We prefer the use of gRPC for communication because of the type of safety it provides and for the performance benefit, it provides by establishing a long-lived connection on which multiple requests are multiplexed. Since the gRPC clients are auto-generated, we get the benefit of type safety across languages without having to write clients manually. The protobuf used by gRPC also serves as well documented and versioned contracts that are exposed by a service.

For asynchronous communication, we generally use SQS. Services put messages into a particular queue which is read by multiple instances of the consumer service.

Service Discovery, Load Balancing, and Health Checks

To be able to communicate with one of the instances of a service, we need to know the IP address and port of the machine where the service is running. Also, since our services are part of autoscaling, the instances come and go and we cannot maintain a static list of IP addresses where a particular service is hosted. What is needed is dynamic service discovery.

In the case of externally exposed services, the current list of instances of the service is maintained by AWS. Any time a new instance is launched by autoscaling, it is added to the target group for that autoscaling group. Similarly, the instances are removed from the target group when they are terminated. ALB routes requests to all the instances in the target group. Hence, service discovery is already solved for us.
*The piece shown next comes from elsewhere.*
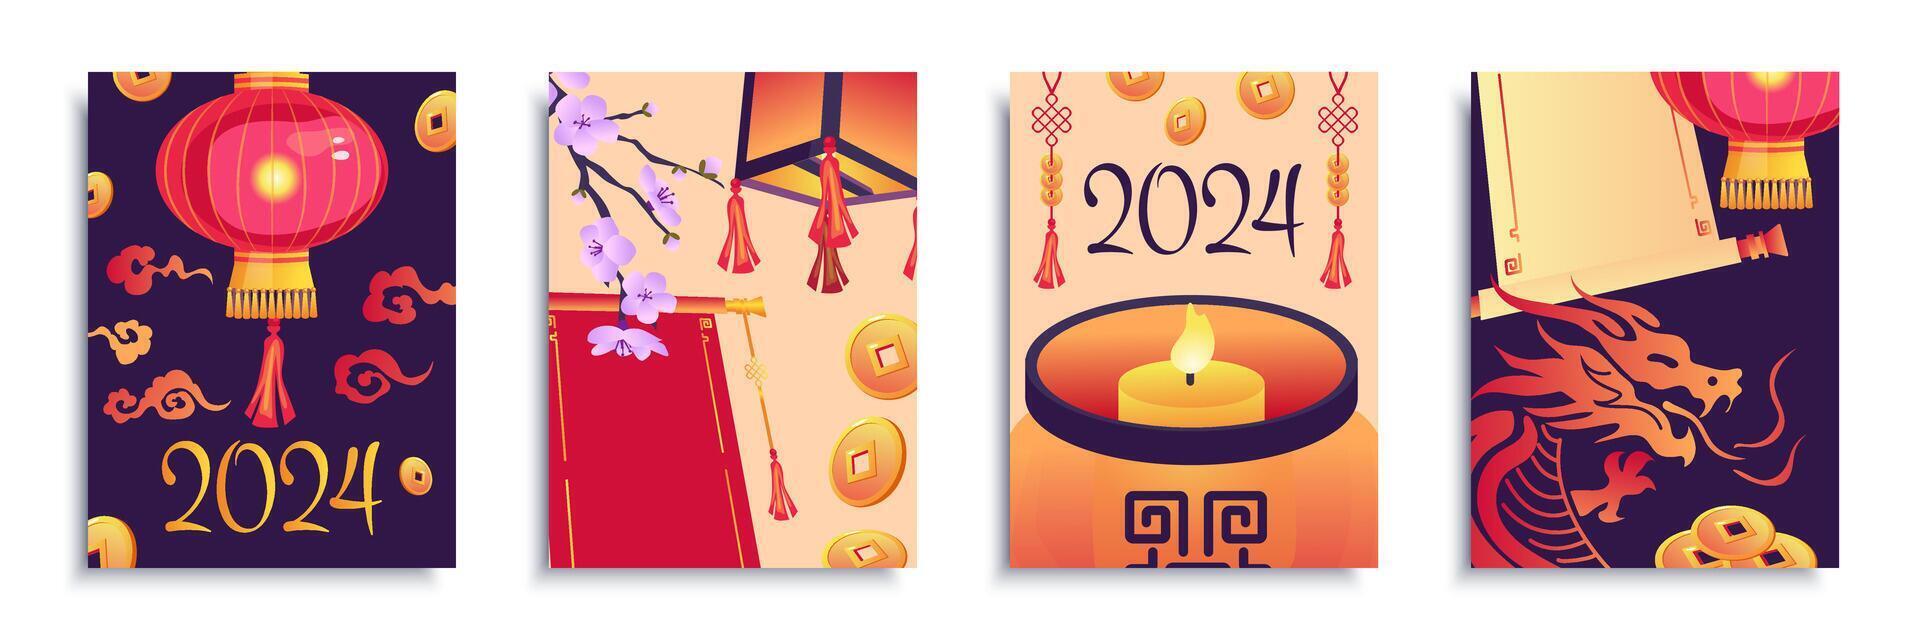 Chine Noël 2024 couverture brochure ensemble dans plat conception. affiche modèles avec chinois Nouveau année symboles, rouge lanternes, Sakura fleurs, d'or pièces de monnaie, bougies et zodiaque dragon. vecteur illustration.

For internal services, we do not use ALB. Therefore we somehow need to know of all the machines that are hosting a particular service at any moment in time. Once we have that information, we need to tell Envoy about it so that it can route requests to those services. Envoy does not know how to do service discovery. It relies on external services to provide it the requisite information. It exposes a gRPC contract which any service can implement and Envoy will ask that service to tell it the details of any service cluster. While one can definitely write a service discovery implementation on their own, there is already an excellent implementation available called Rotor. The rotor can use multiple methodologies to do service discovery. What we use is their support to scan the EC2 instances in our AWS account and group instances based on tags. Hence, if you have three instances that have tags saying that they host Feed Service, then Rotor is going to group them and let Envoy know that any of the requests to Feed Service must go to one of these instances.

Envoy takes care of load balancing across these services. There are different load balancing policies that can be configured for Envoy. For load balancing, the knowledge of where the services reside is not enough. We also need to know if the services are healthy. For example, while Feed Service may be running on three machines, it might be hung on one of the machines and hence not responding to requests. We do not want Envoy to send requests to that instance even though Rotor reports that the service is running there. For this, Envoy supports health checks on services and it only routes traffic to instances that are healthy.

Summary

In this post, we take a high-level look at how microservices are developed at Unacademy. We have developed generic libraries and deployment scripts to complement the design choices we have made. These enable the developers to get their applications up and running in no time. The move to microservices has helped us tackle most of the problems we were trying to solve. These are our first steps in this direction and we anticipate a lot more experimentation and development on this front.